7. The rotary transformer of claim 6,

the stator device and the rotor device further comprise a plurality of segmented windings and segmented rotor cores which are respectively arranged in the first hollow cavity and the second hollow cavity, at least one first telescopic piece is arranged on each split stator ring body, and at least one second telescopic piece is arranged on each split rotor ring body;

the rotary transformer further comprises a control device, and the control device is electrically connected with each first telescopic piece and each second telescopic piece to control the movement of the first telescopic piece and the second telescopic piece;

after the diameter of the moving inner ring is adjusted, the control device controls every two adjacent first telescopic pieces to move so as to clamp and fix a block winding between the first telescopic pieces, and further adjusts the radial position of each block winding relative to the moving inner ring;

after the diameter of the movable outer ring is adjusted, the control device controls the second telescopic pieces which are adjacent to each other to move so as to clamp and fix the block rotor iron core between the second telescopic pieces, and further the radial position of the block rotor iron core to the movable outer ring is adjusted.

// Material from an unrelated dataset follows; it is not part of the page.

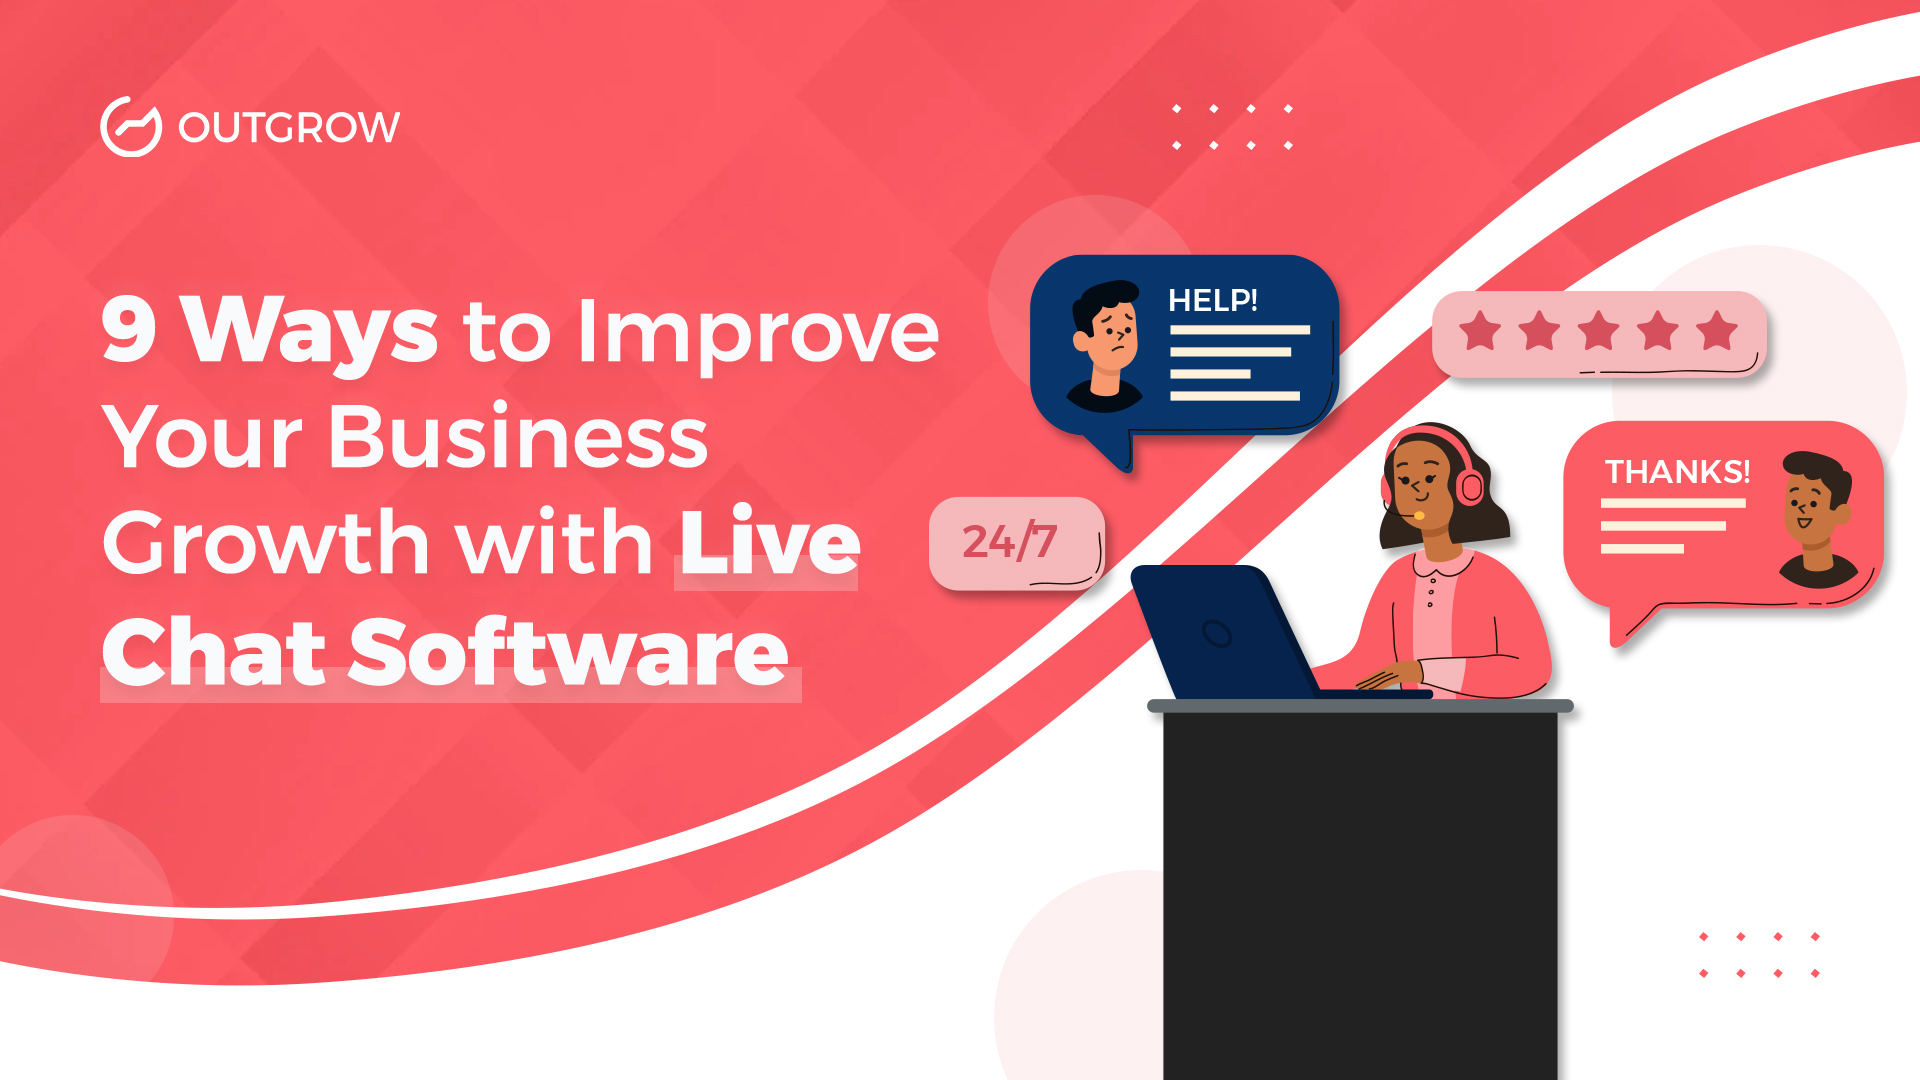 9 Ways to Improve Your Business Growth with Live Chat

8. The rotary transformer of claim 6,

at least one leading-out hole is formed in each split stator ring body and each split rotor ring body, and the control device is electrically connected with the corresponding first telescopic piece or the corresponding second telescopic piece through signal wires passing through each leading-out hole.

9. The rotary transformer of claim 6,

and the diameter of the movable inner circular ring is correspondingly adjusted according to the adjusted diameter of the movable outer circular ring.

10. A new energy automobile motor, which comprises a driving shaft, and is characterized by further comprising a rotary transformer according to any one of claims 1 to 9, wherein the driving shaft is sleeved with the inner surface of the movable outer circular ring.